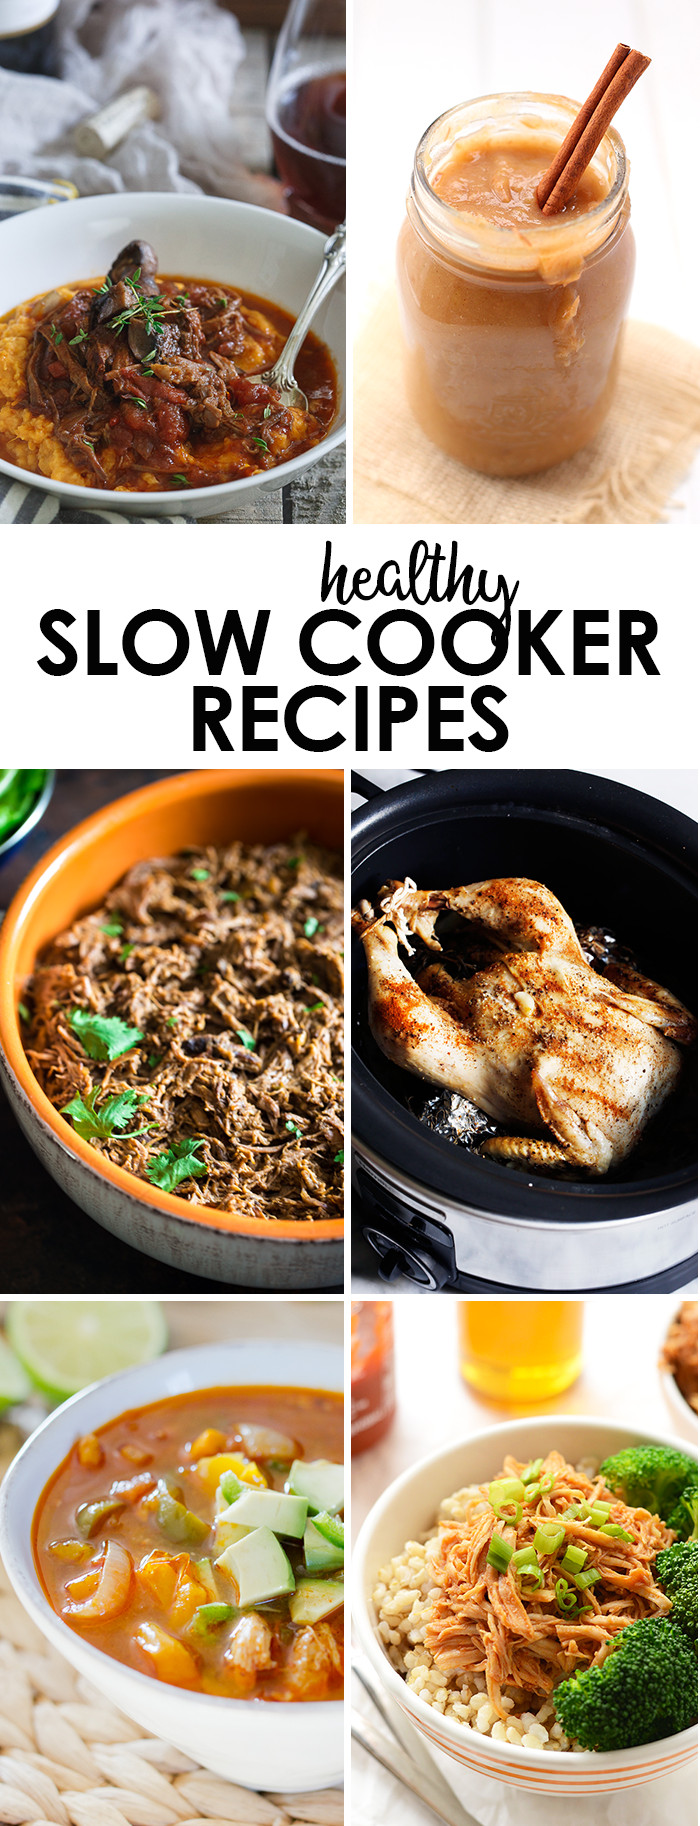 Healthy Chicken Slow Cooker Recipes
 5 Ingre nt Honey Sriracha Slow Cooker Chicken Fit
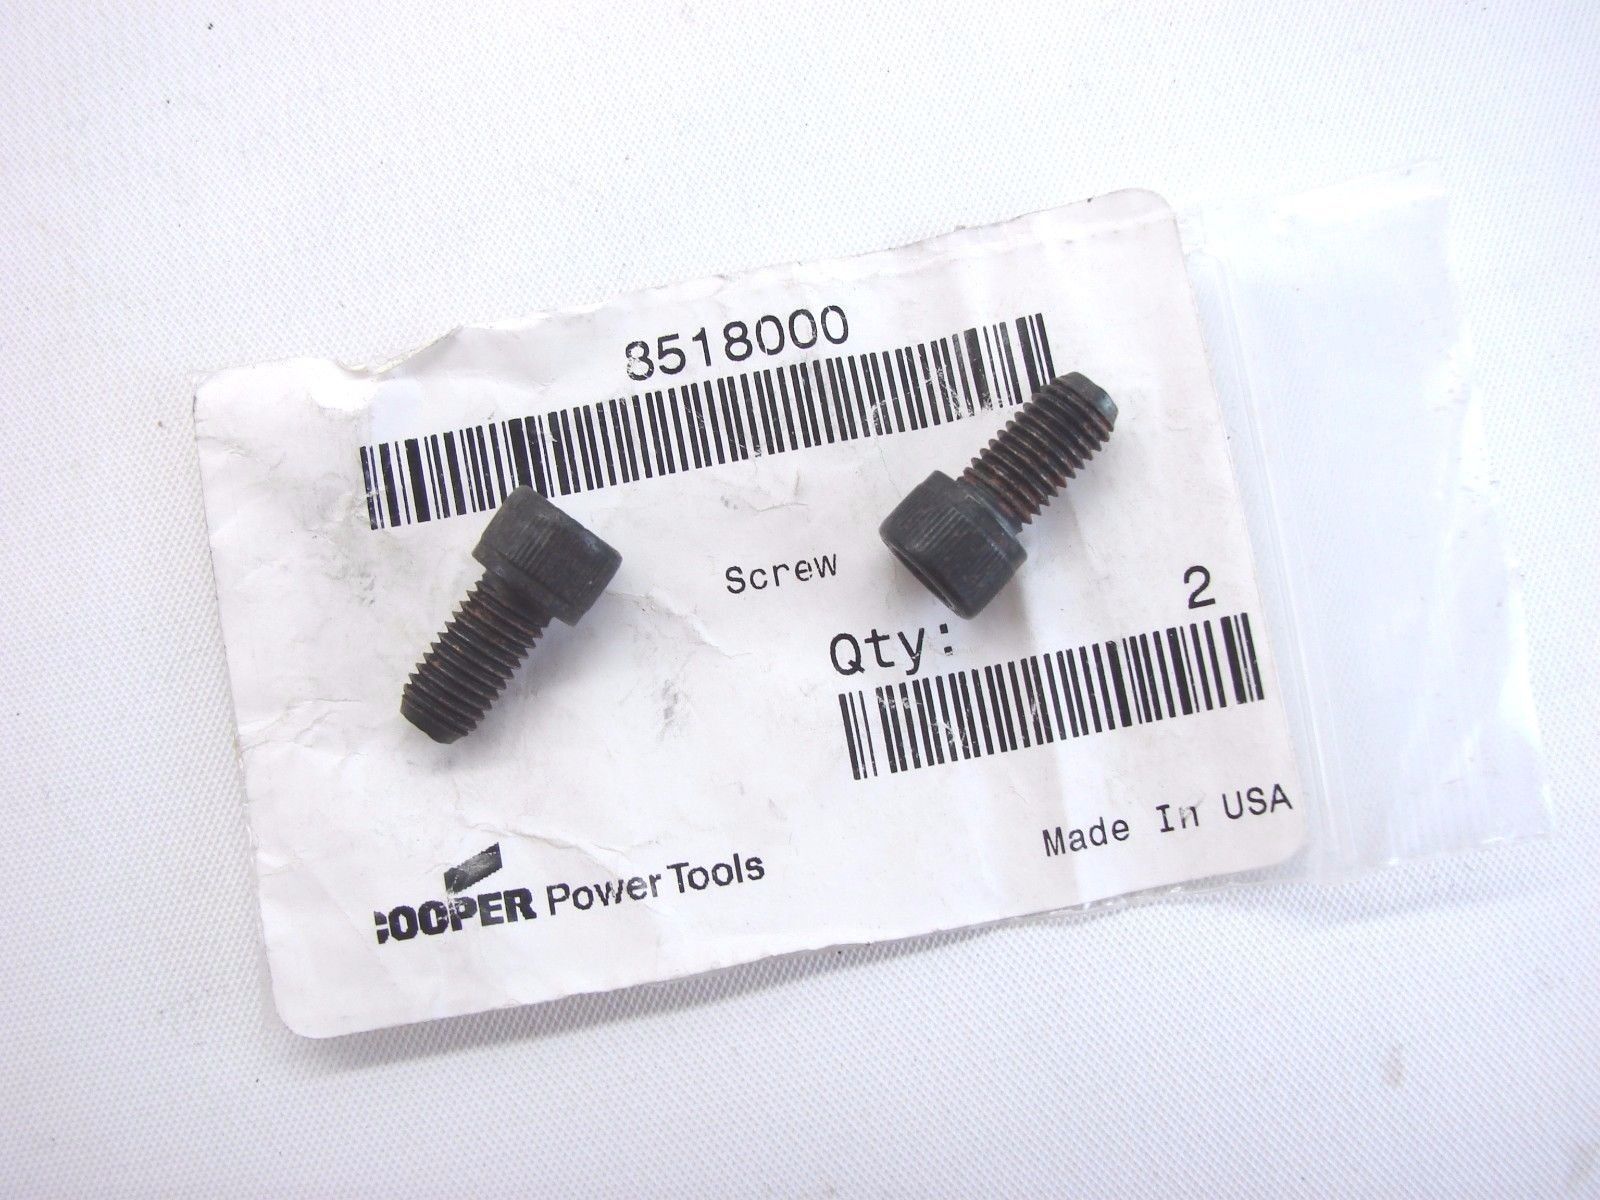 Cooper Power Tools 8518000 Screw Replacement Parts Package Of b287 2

■ **Directions for this task**:
Restate all of the material above word for word, excluding the pictures.

■ **Solution below**:
 Healthy Chicken Slow Cooker Recipes
 5 Ingre nt Honey Sriracha Slow Cooker Chicken Fit
 Cooper Power Tools 8518000 Screw Replacement Parts Package Of b287 2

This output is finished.